The crucial component of data analysis is to ensure that the data is understandable by machines. Machines can only recognize 1’s and 0’s, not text, photos, or movies. It takes several steps to convert our text data to binary numbers. So Preprocessing the data is a must, and it requires cleaning the data and also involves converting raw data into a machine recognizable format. Regular expressions (@, https, # etc.) were removed along with the punctuation. After applying the case-folding for the letters, we employed tokenization and stemming.

Fig. 1.
figure 1

Block diagram showing the Sentiment Analysis process

3.2 Sentiment Analysis

We used two main types of methods for sentiment or emotion analysis, Lexicon-based and Deep learning Based.
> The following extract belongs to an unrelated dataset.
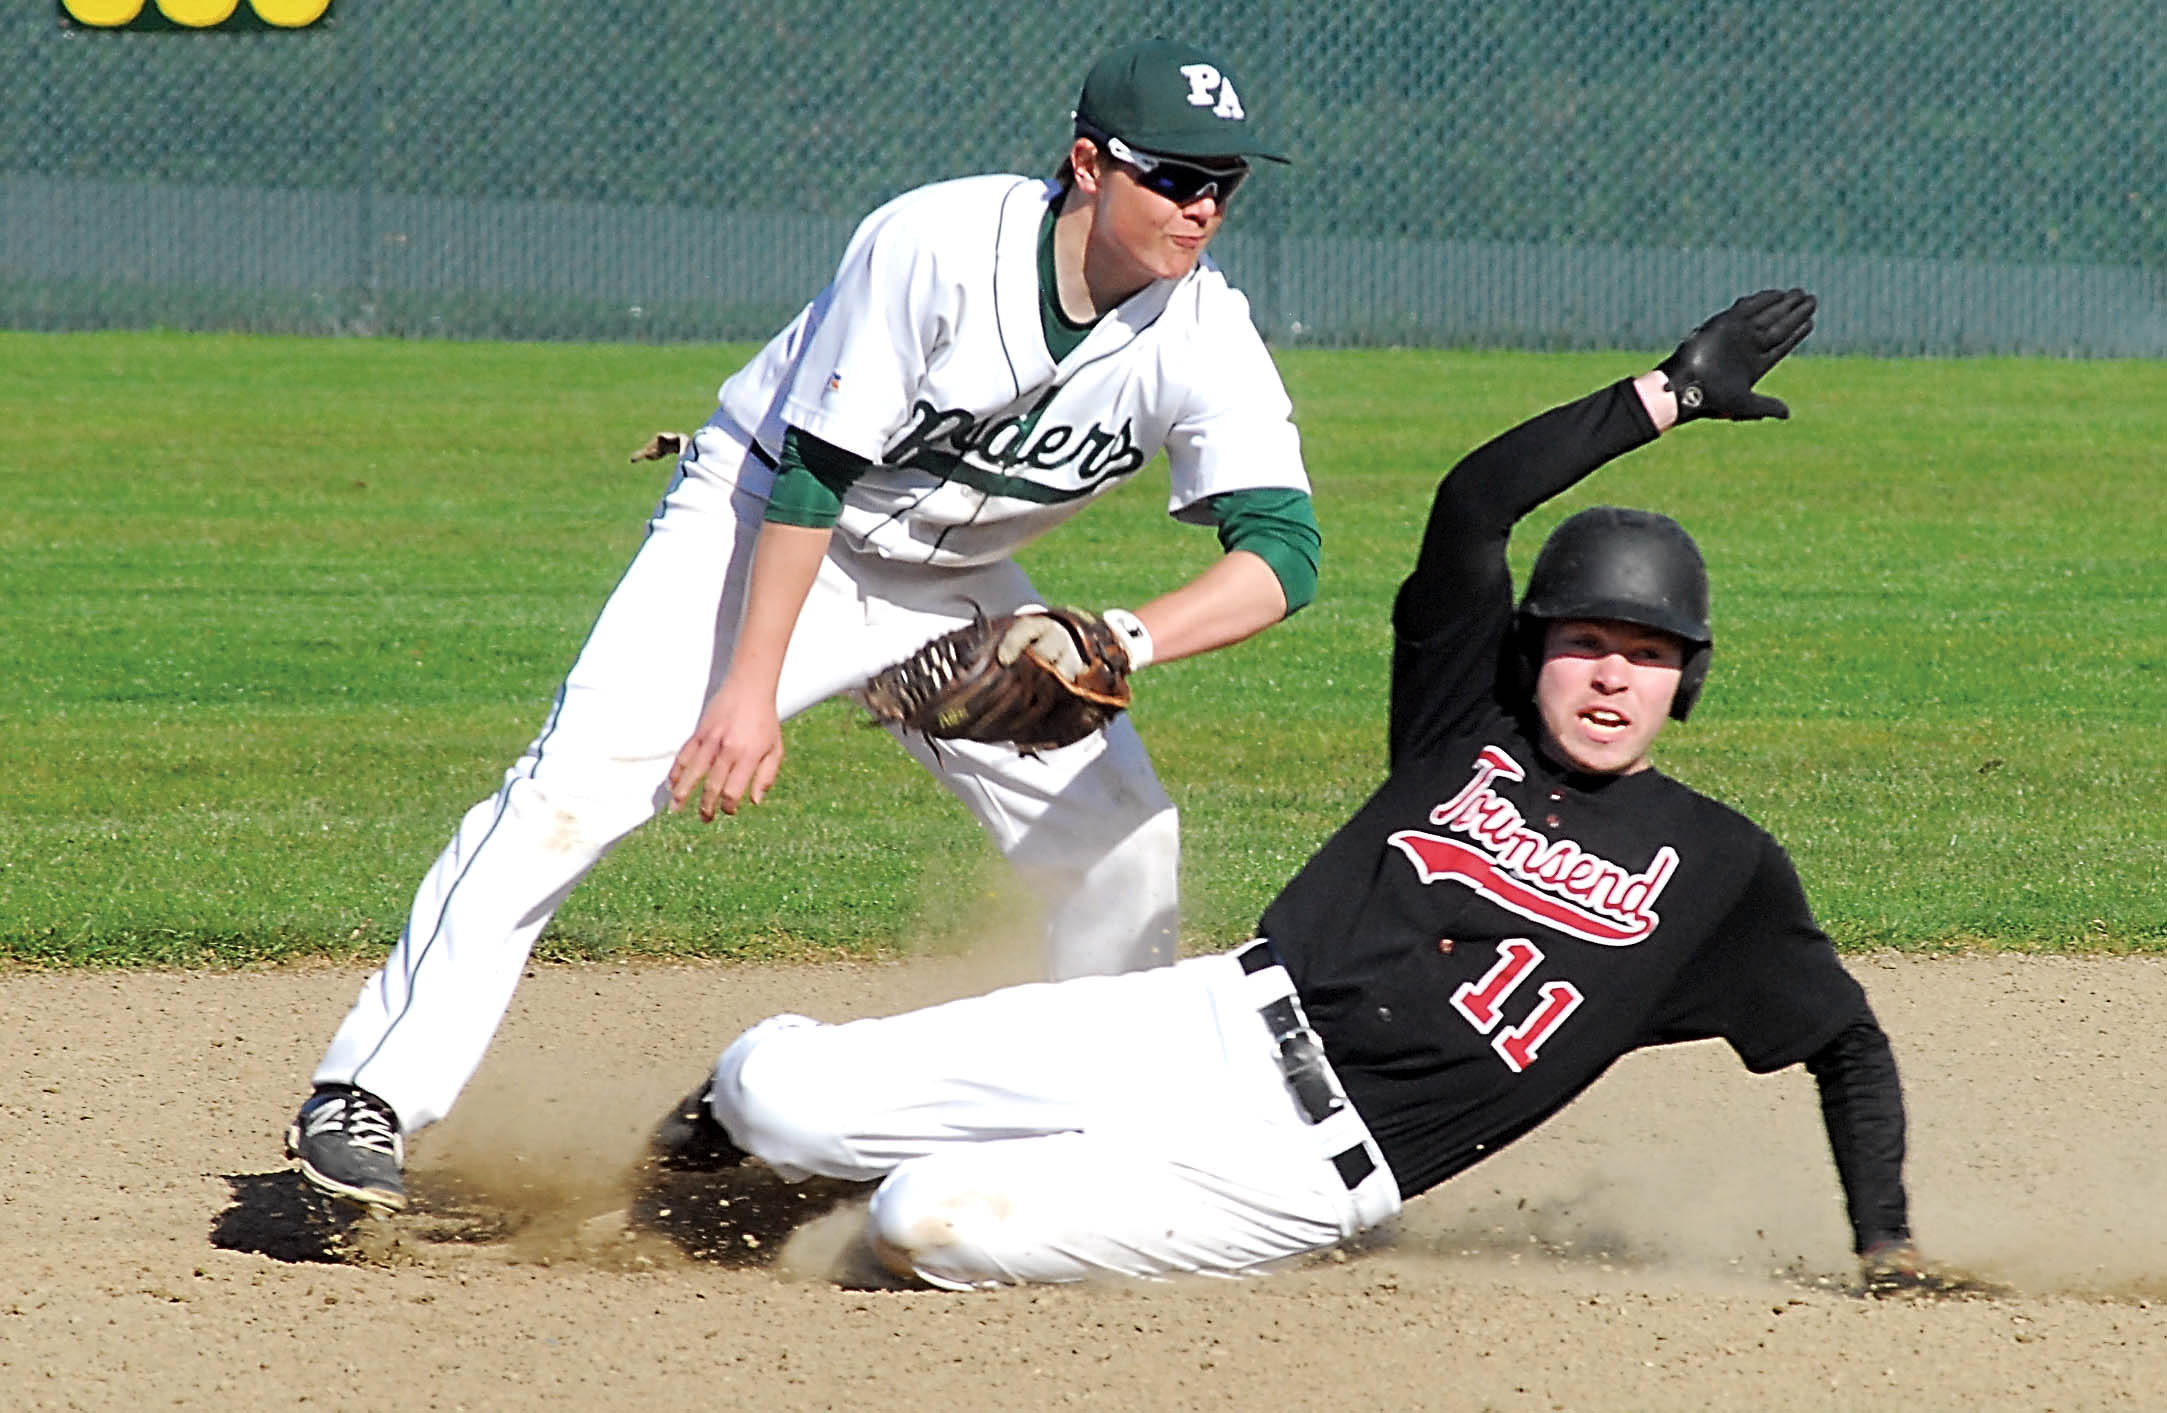 Port Townsend's Sean Dwyer looks towards the umpire after being tagged out trying to steal second base by Port Angeles's Matt Hendry. Keith Thorpe/Peninsula Daily News
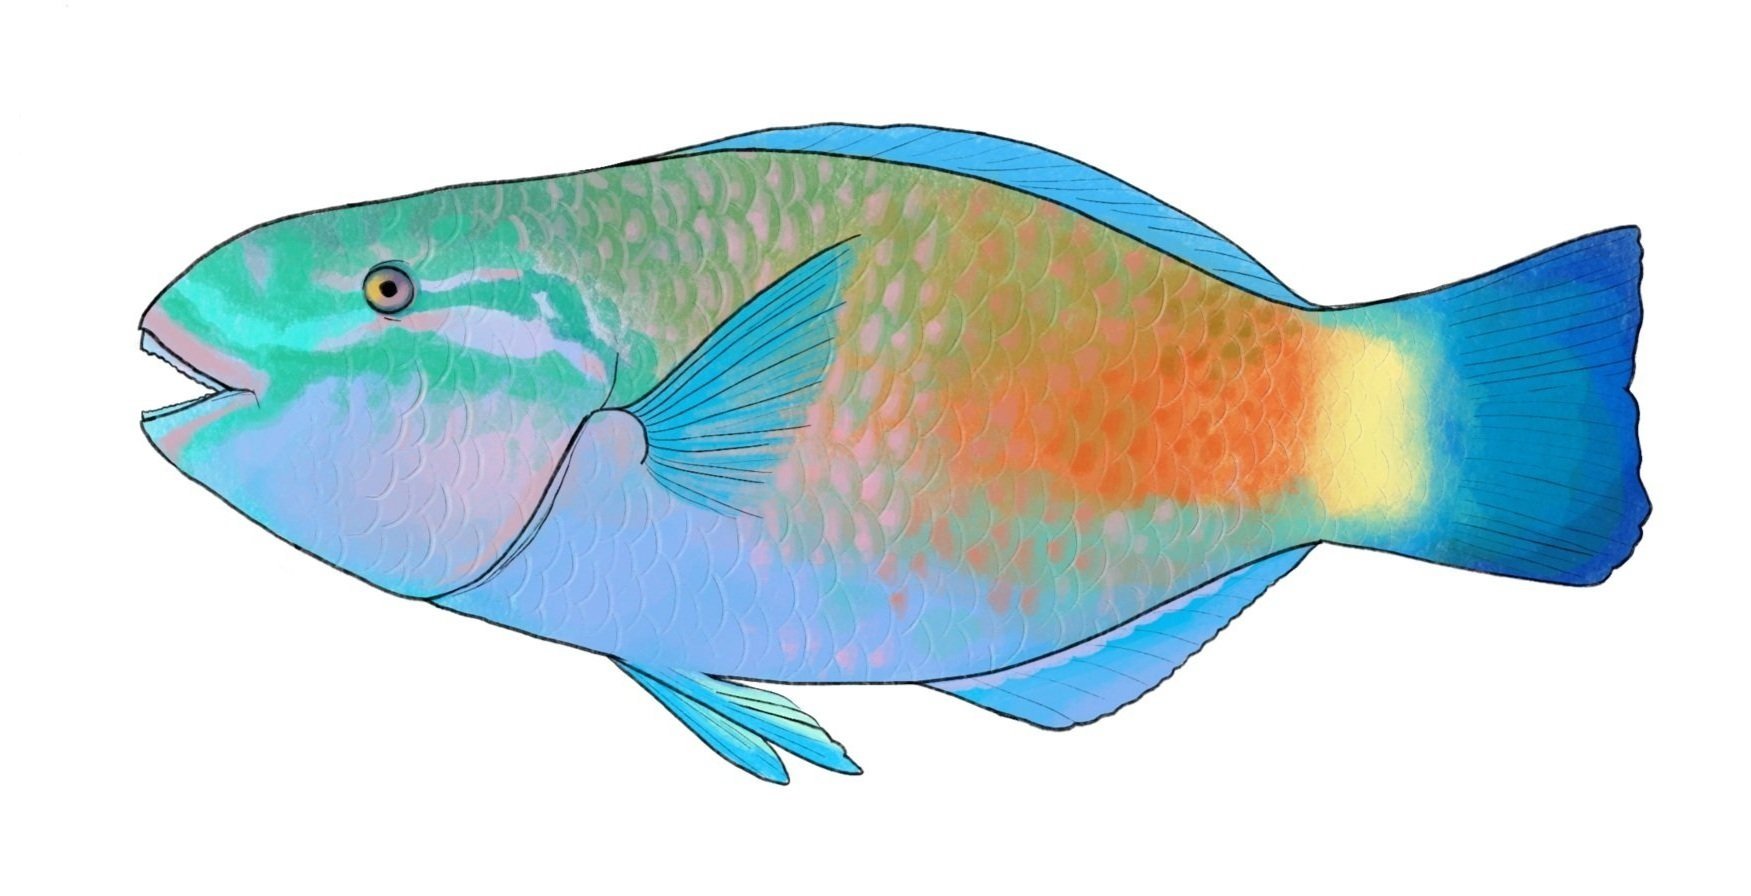 Bullethead parrotfish - By Lilly Crosby

Lexicon-Based Method VADER:

The detection of sentiment polarity (negative, positive, neutral, and complex) in tweets is done using VADER, a lexicon-based program that analyzes Twitter sentiments and categorizes tweets according to vocabulary. VADER’s dictionary differs from conventional dictionaries because it has acronyms, contractions, emoticons, and slang words that are frequently utilized in informal online interactions like those on Twitter. Moreover, VADER takes into account degree modifiers that affect sentiment intensity. In our study, the emotion of each tweet was evaluated using the VADER’s complex score, which ranges from −1 to 1 (−1 represents severe negative, and 1 implies extreme positive) [18]. A tweet was categorized as positive if its compound score was more than 0 (zero), negative if it had a compound score below 0 (zero), and neutral if it had a compound score of 0 (zero). These are the conventional cutoff points derived from the literature.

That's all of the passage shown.